Ganz so drastisch sind die Maßnahmen in Deutschland nicht, aber die Zukunftsaussichten sind trotzdem mehr als durchwachsen: Laut einer Aussage von Eric Schweitzer, Präsident des Deutschen Industrie- und Handelskammertages (DIHK) finden mehr als 40 Prozent der Unternehmer keinen passenden neuen Chef. Bei klassischen Industrieunternehmen kämen rein rechnerisch sogar fünf Alt-Eigentümer auf einen möglichen Nachfolger.

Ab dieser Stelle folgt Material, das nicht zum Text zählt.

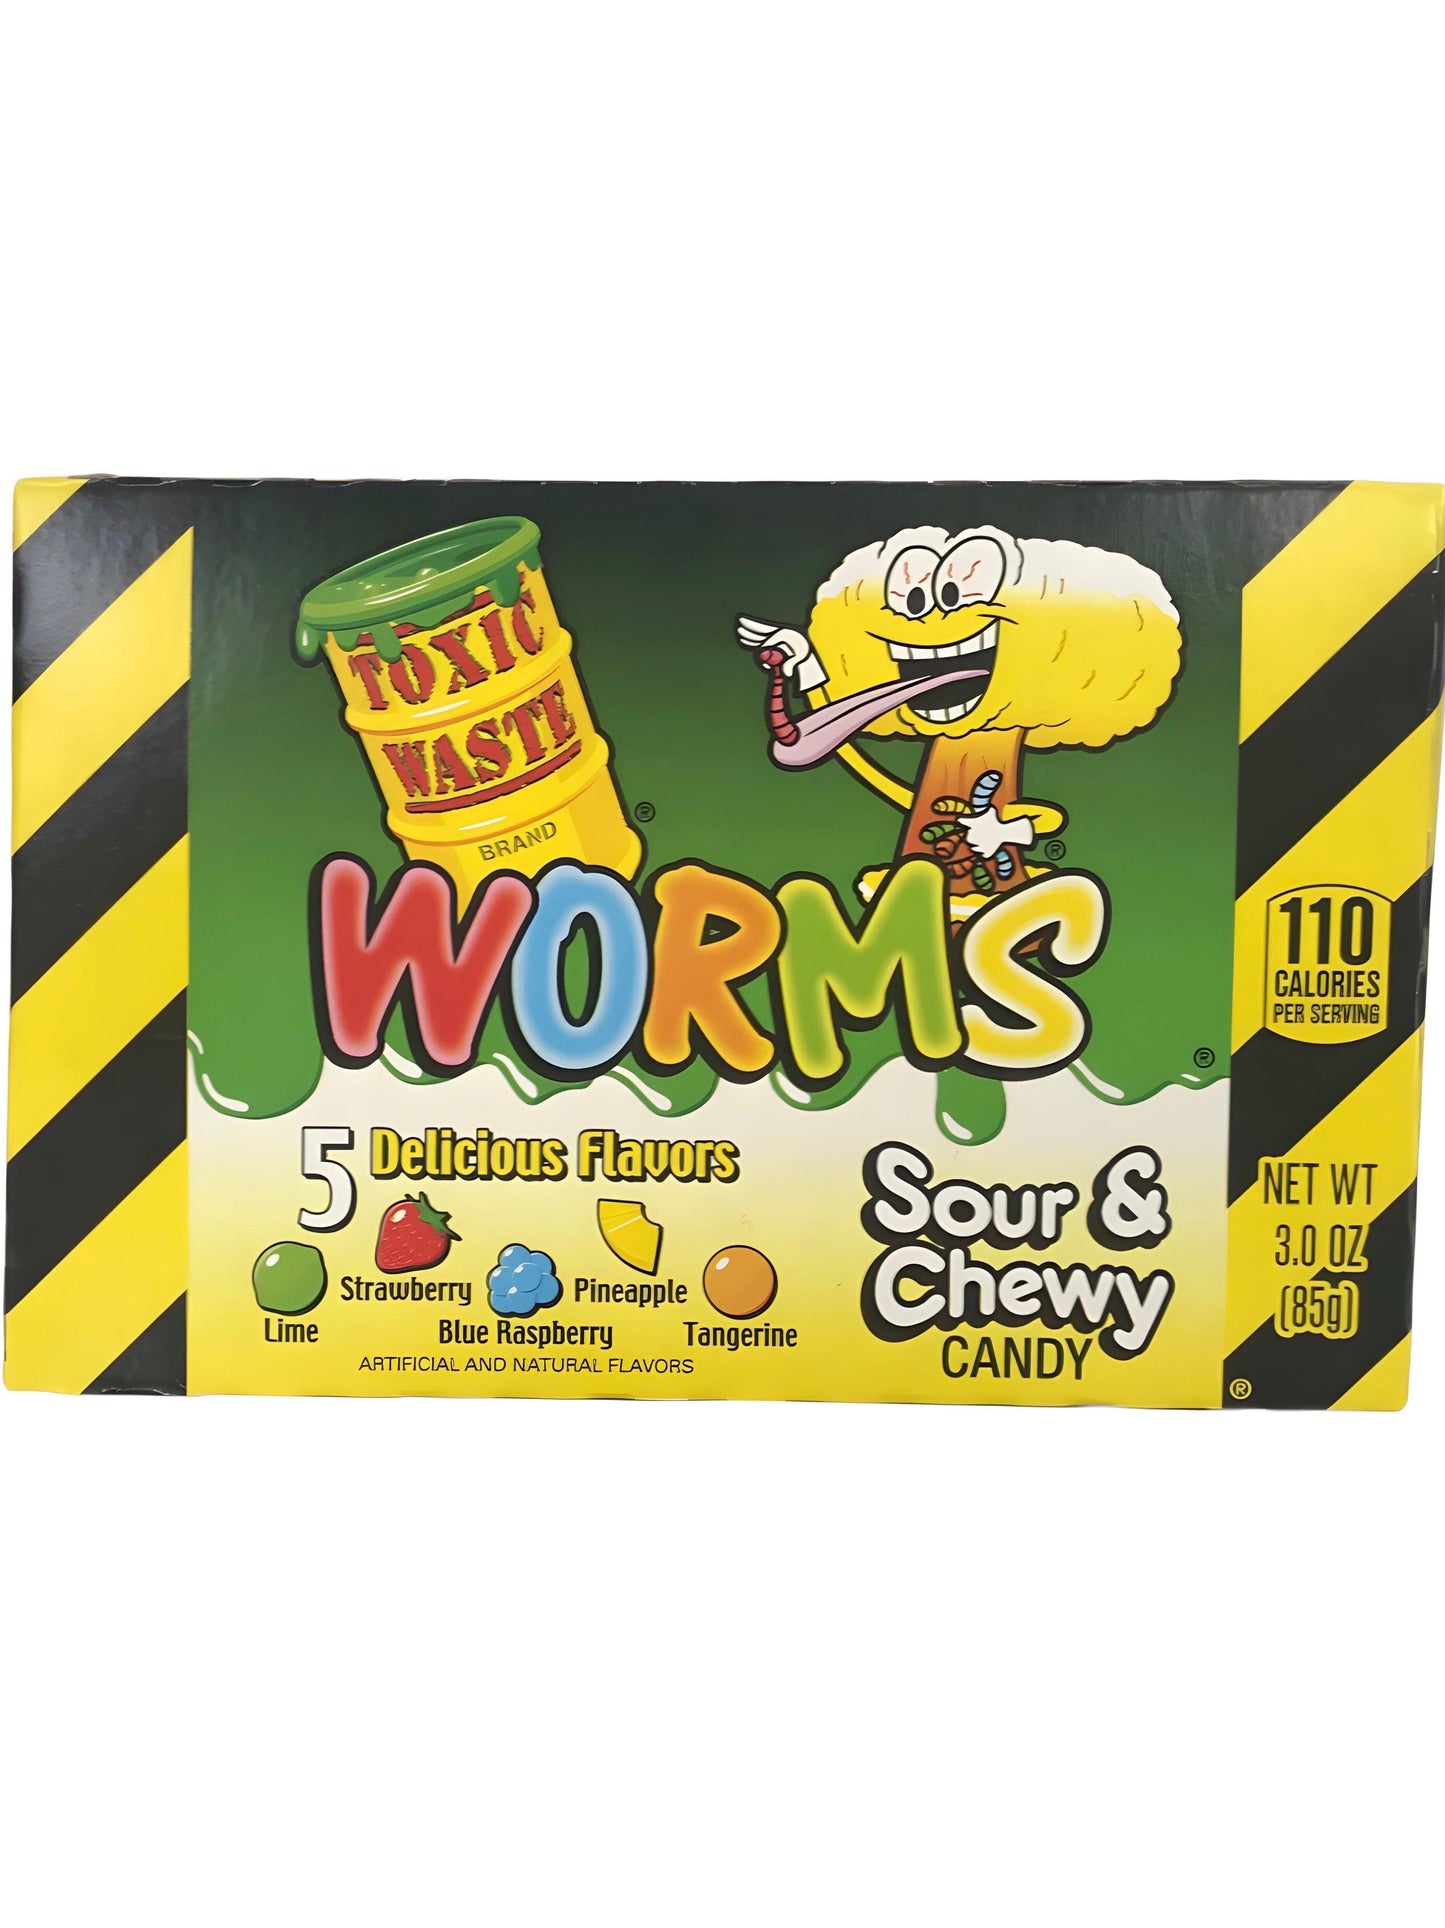 Toxic Waste Worms Sour & Chewy Candy Theatre Box 3OZ - BB 02/24 - Extreme Snacks
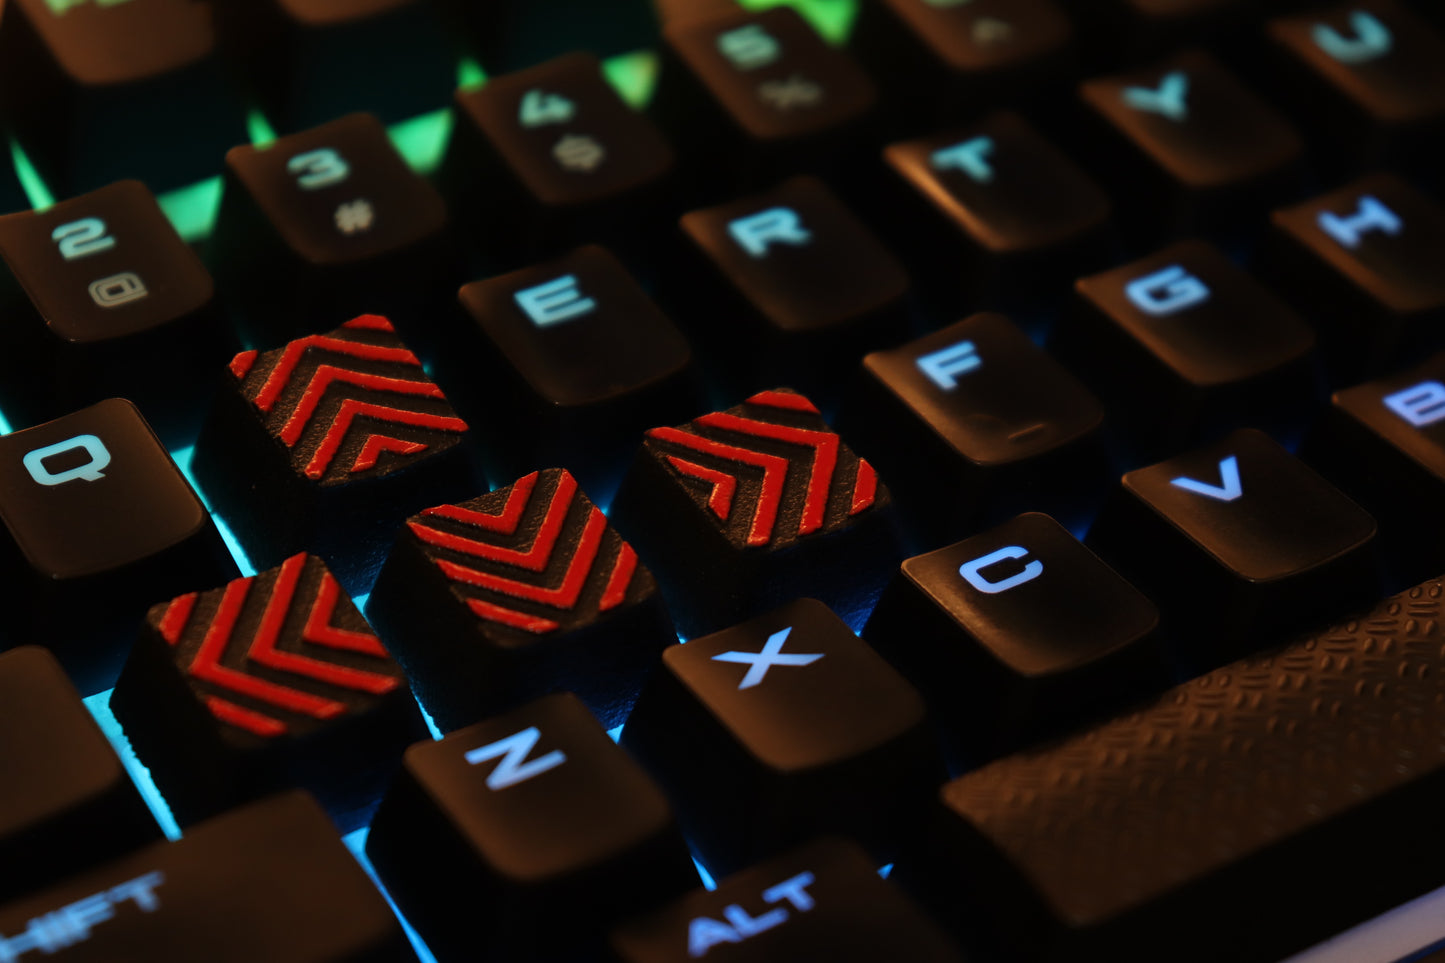 Arrow Keycap Set, textured for gaming

Zwar geben Studien, wie die der Zeppelin-Universität Friedrichshafen und der Stiftung Familienunternehmen Hoffnung, wonach 75 Prozent der Unternehmerkinder die operative Führung im elterlichen Betrieb übernehmen wollen. Aber wollen und können sind eben häufig zwei paar Schuhe. Und wer mit 16 noch ganz begeistert davon ist, Papas Schreinerei weiterzuführen, will mit 25 vielleicht doch lieber in die weite Welt hinaus. Besonders Töchtern ist das Risiko letztlich oft zu hoch, wie eine Studie der Universität St. Gallen zusammen mit der Unternehmensberatung EY belegt.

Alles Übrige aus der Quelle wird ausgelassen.